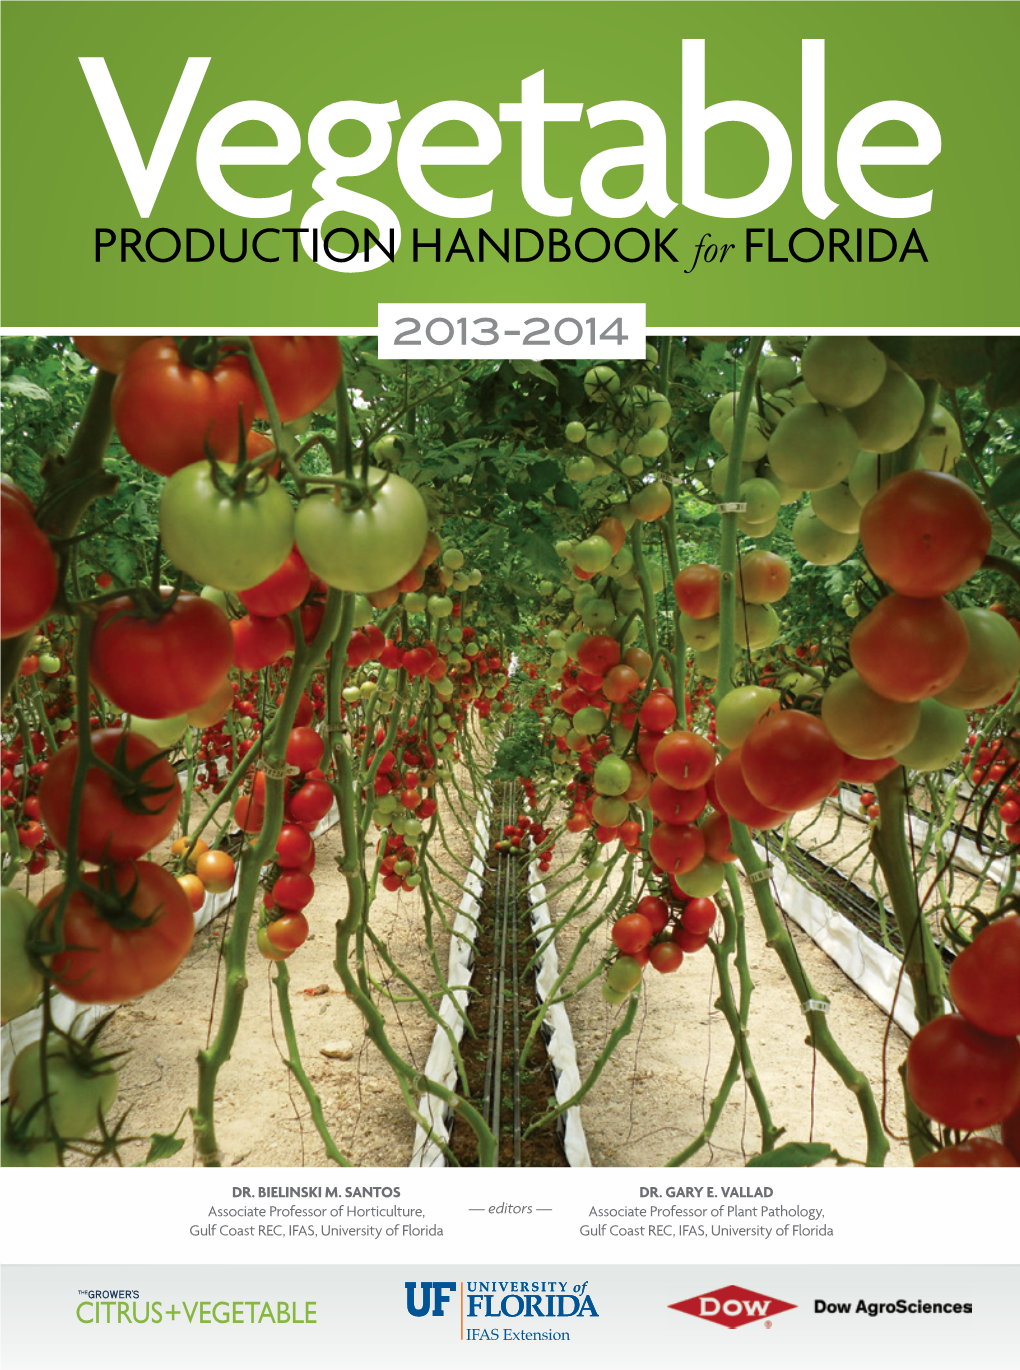 Vegetable Production Handbook Contents
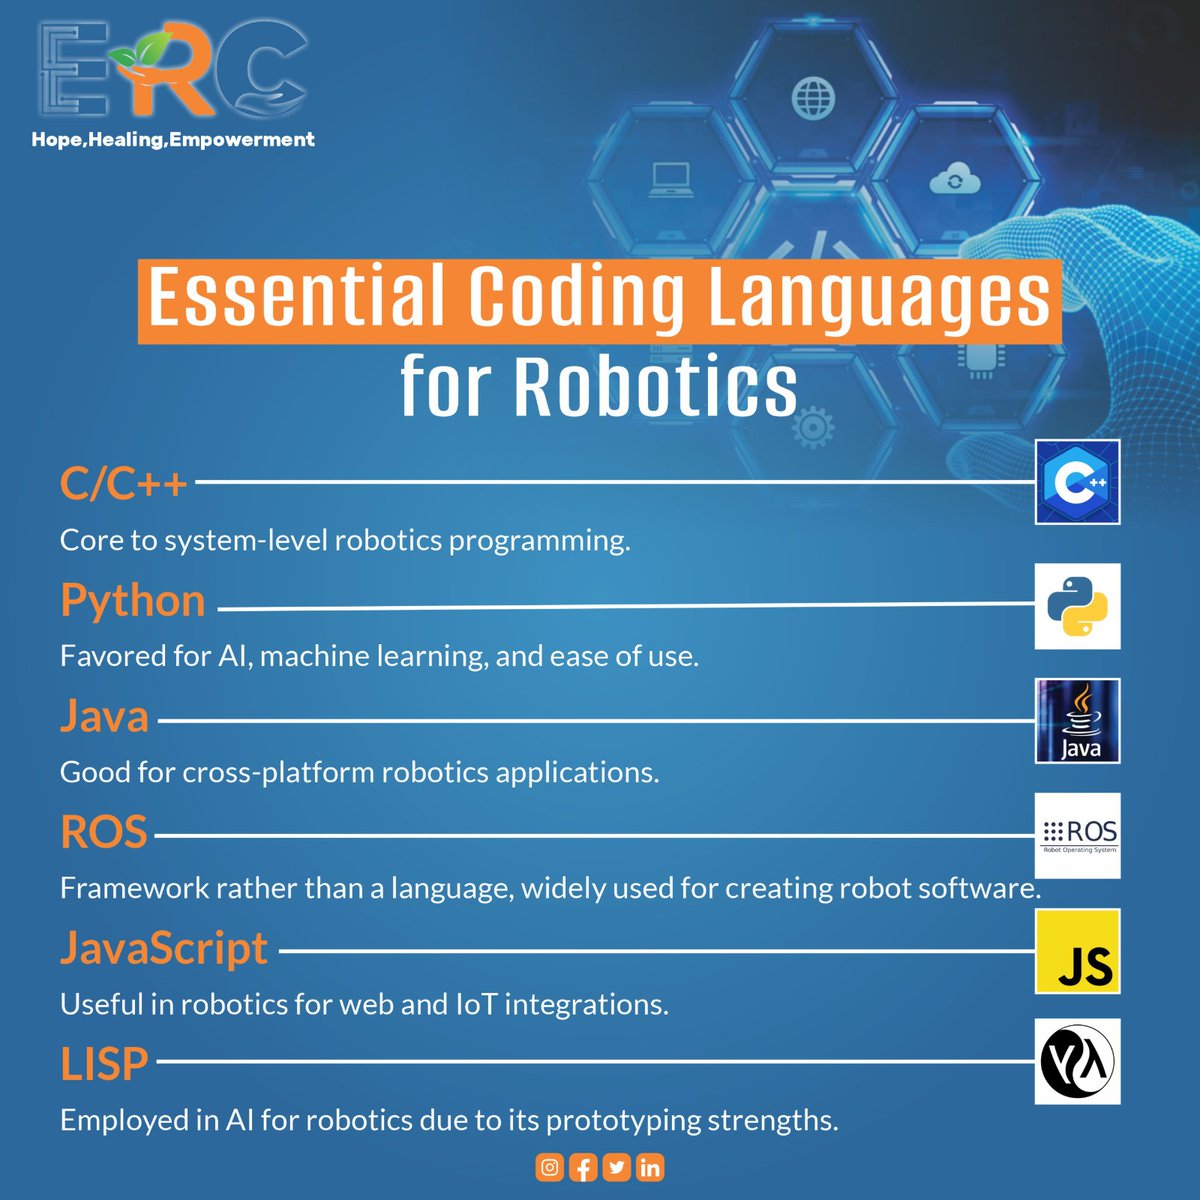 Essential coding languages for Robotics 
.
.
.
.
.
.
.
.
.
.
.
.
.
.
#ercpartnership #RoboticsEducation #STEMlearning #CLCinitiative #FutureOfTechnology #InnovateAndLearn #CodingAndRobotics #HolisticEducation #ChildrensLibraryComplex #RoboticsRevolution
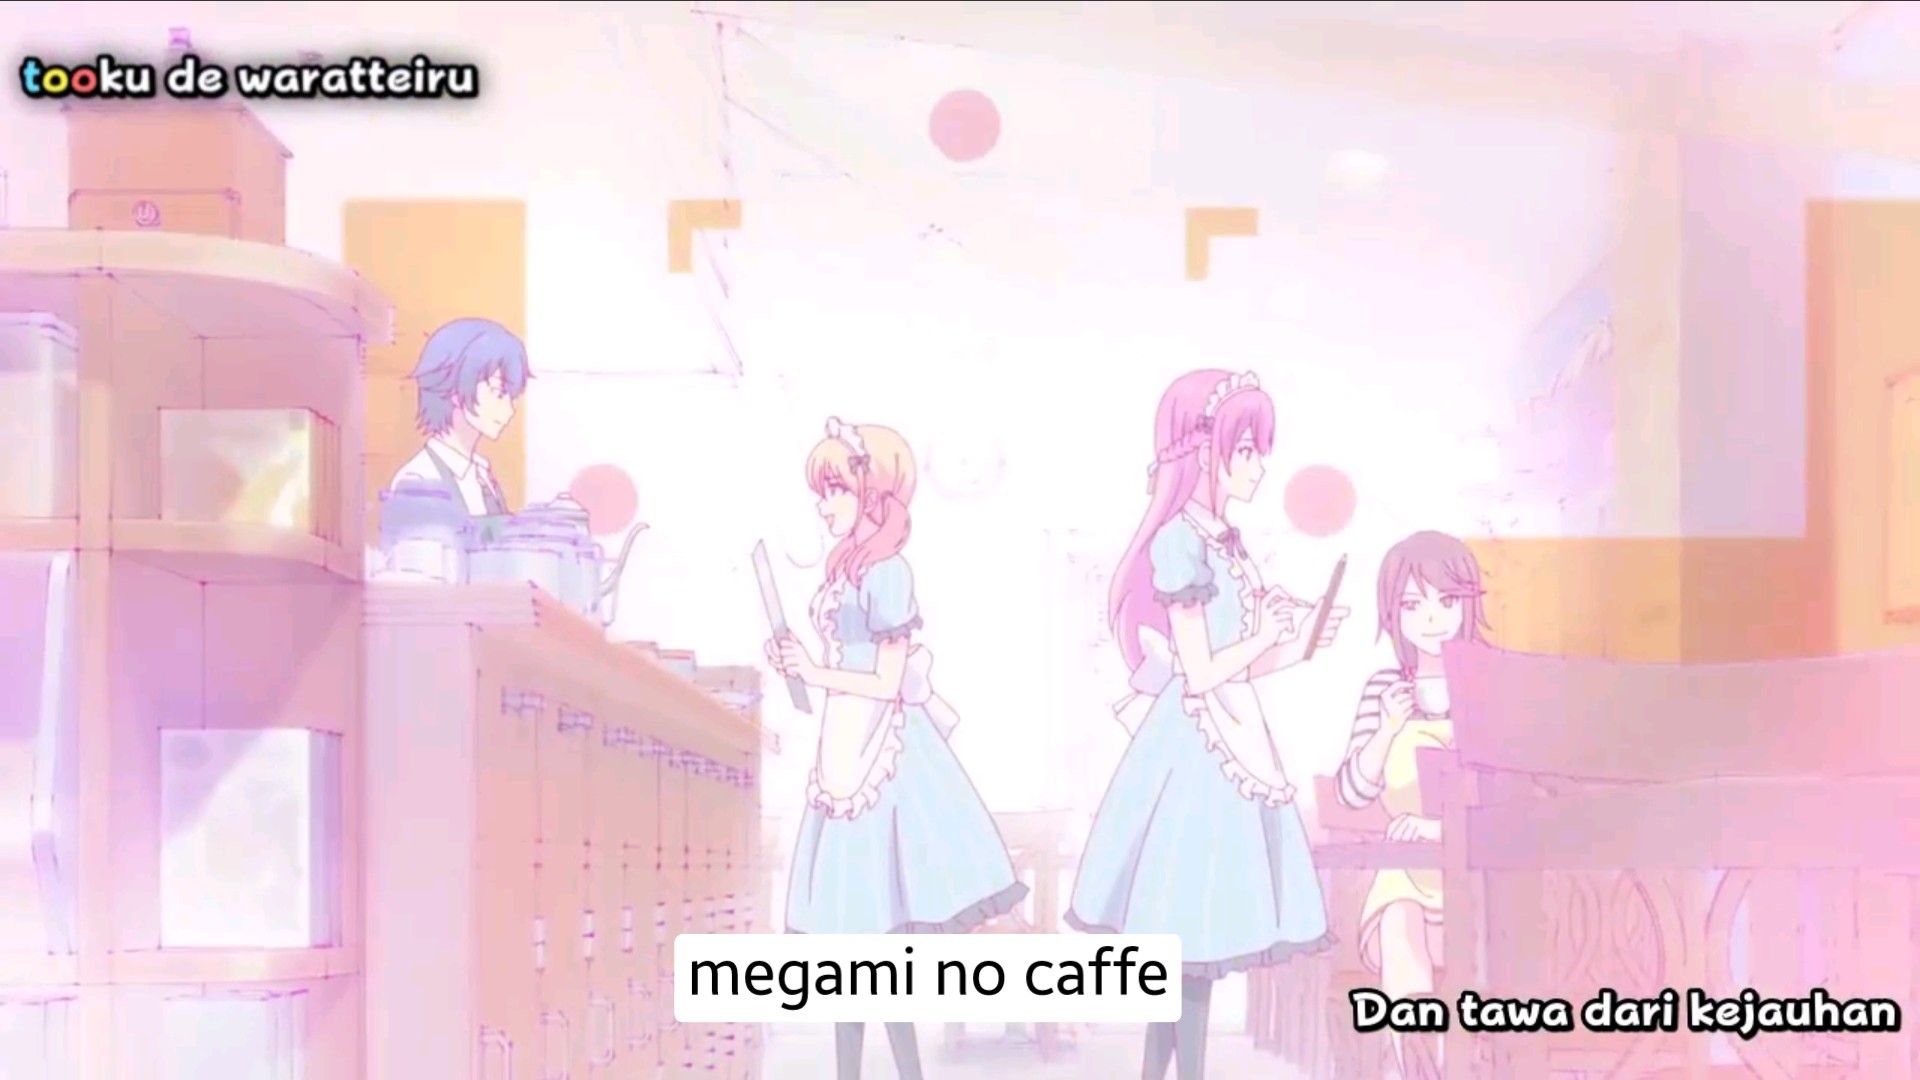 Ending Yg tak Terduga dari Megami no caffe terrace☺️ - BiliBili
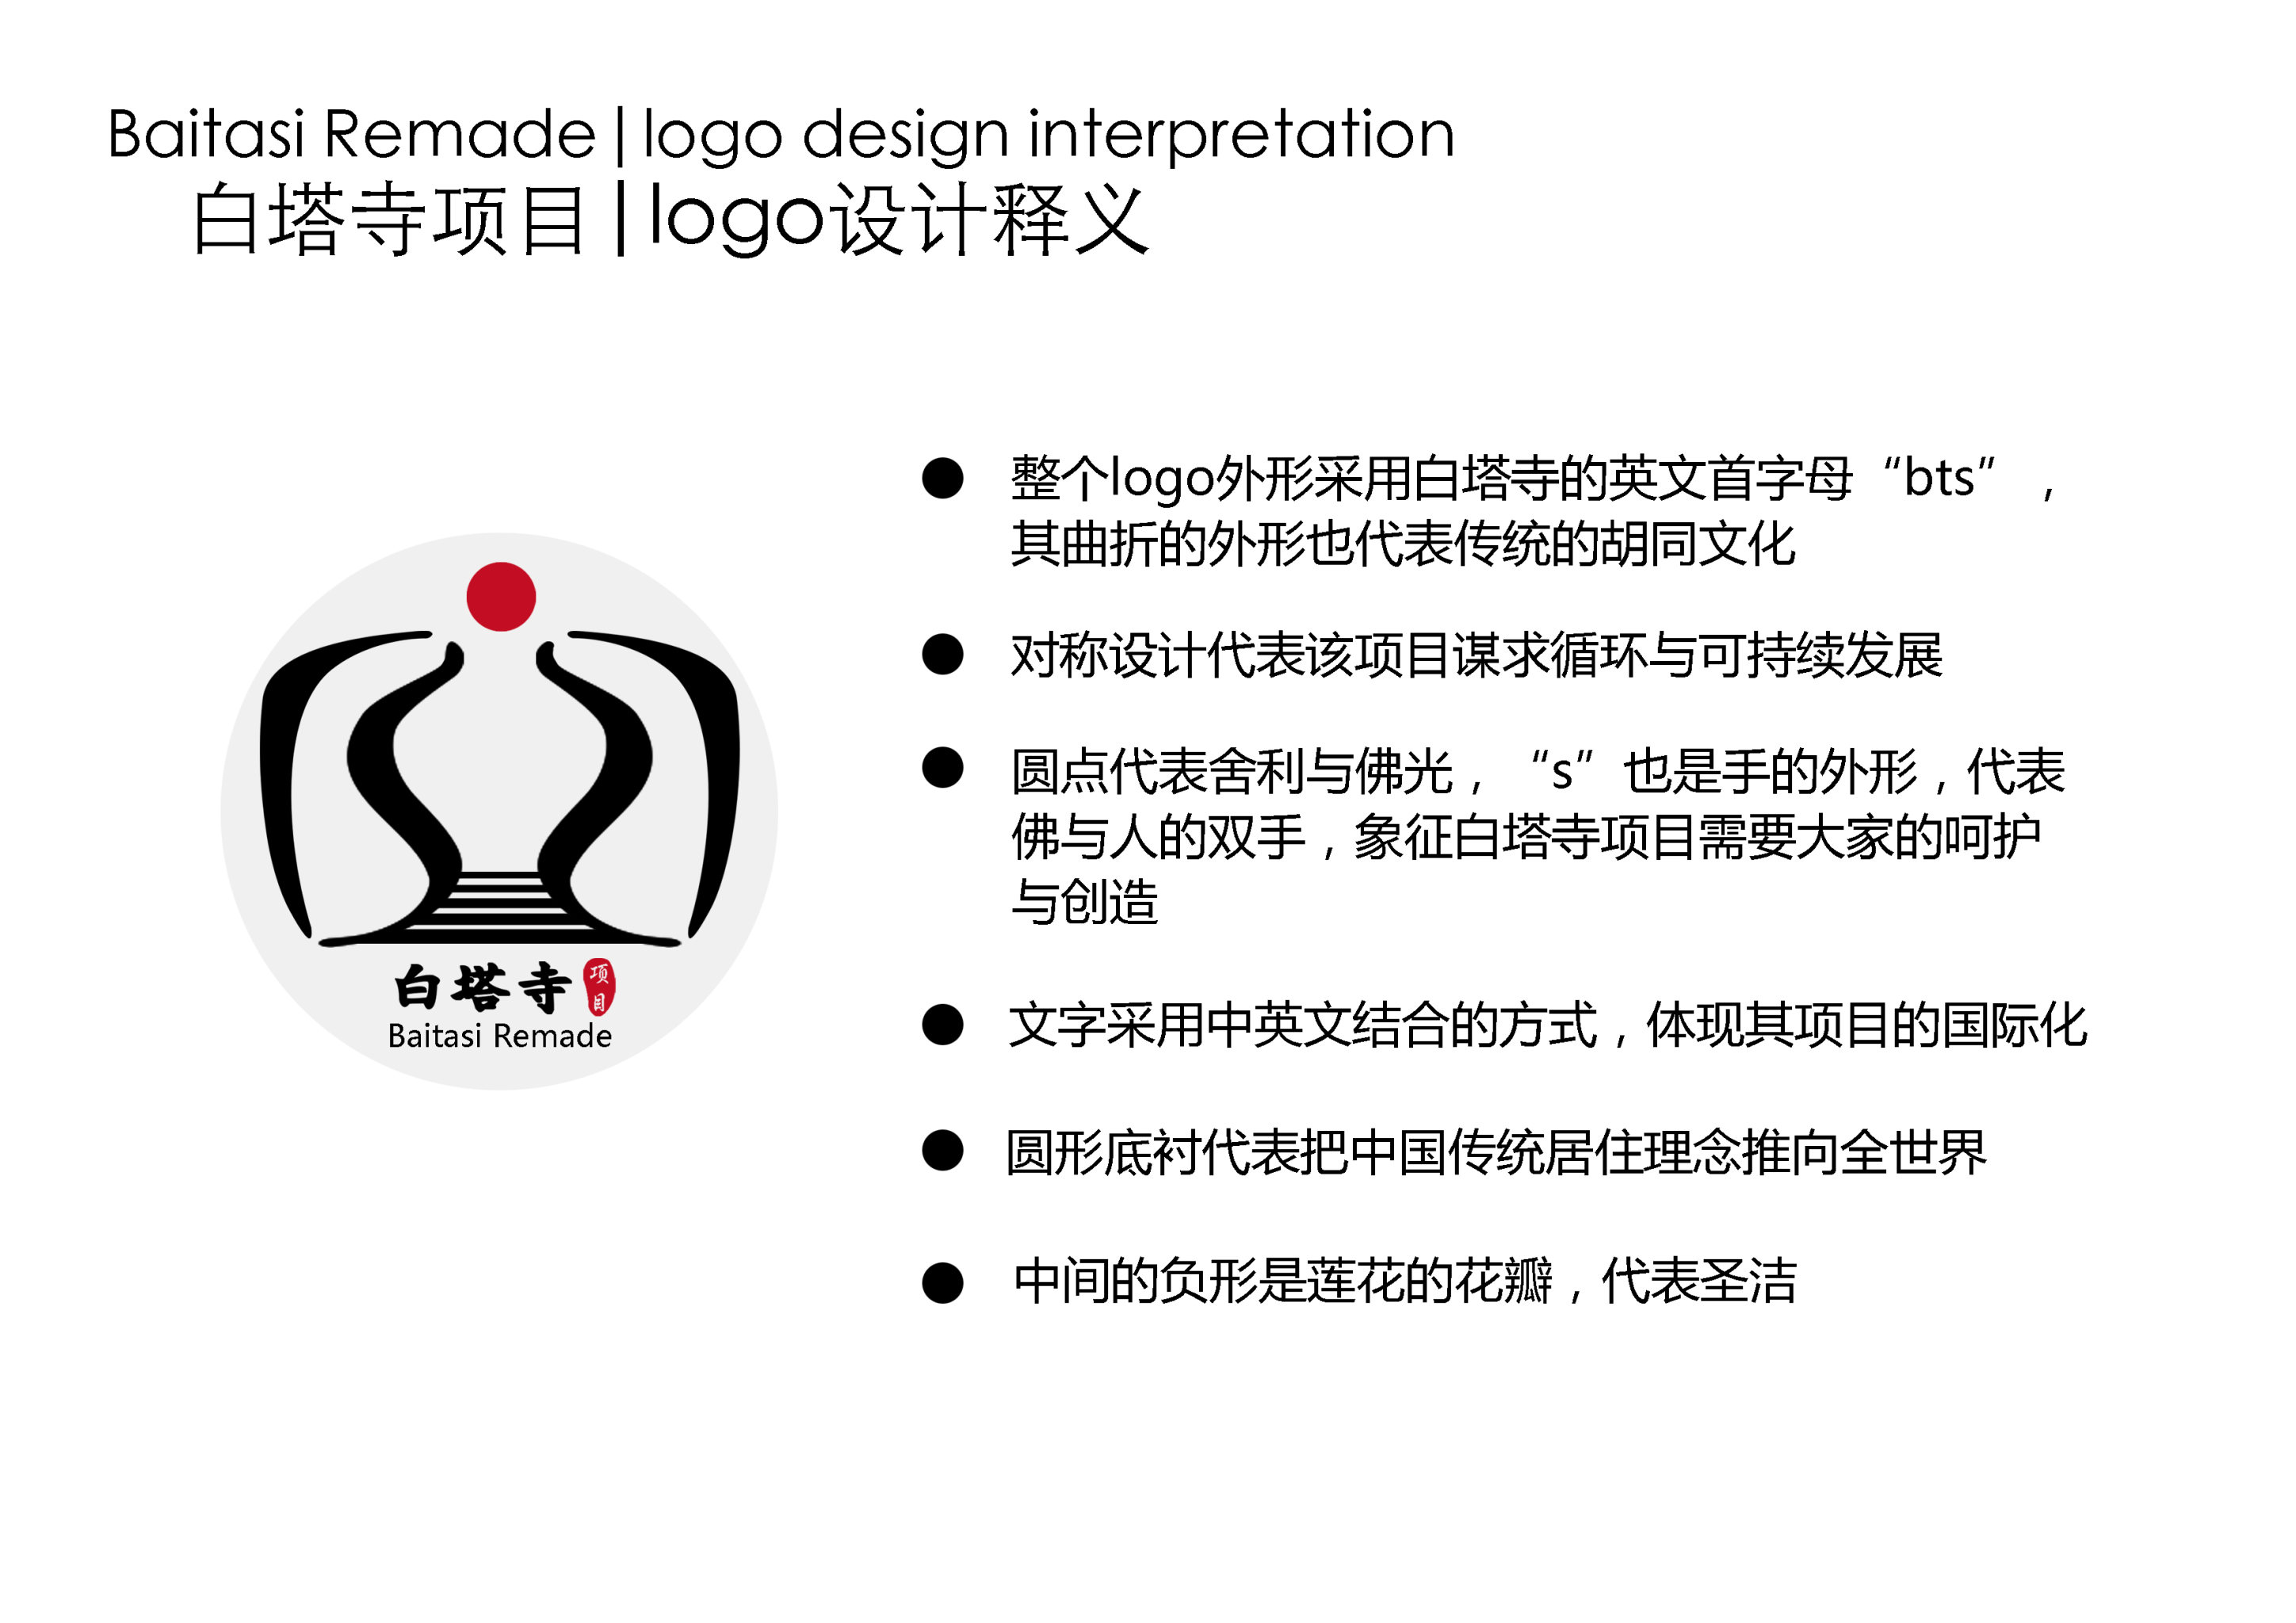 logo设计说明模板100字图片

◆ **Activity**:
Drop the pictures, then transcribe the lines from the one containing "Essential coding languages for Robotics" to the end of the data above, exactly and nothing more.

◆ **Written response**:
 Essential coding languages for Robotics 
.
.
.
.
.
.
.
.
.
.
.
.
.
.
#ercpartnership #RoboticsEducation #STEMlearning #CLCinitiative #FutureOfTechnology #InnovateAndLearn #CodingAndRobotics #HolisticEducation #ChildrensLibraryComplex #RoboticsRevolution
 Ending Yg tak Terduga dari Megami no caffe terrace☺️ - BiliBili
 logo设计说明模板100字图片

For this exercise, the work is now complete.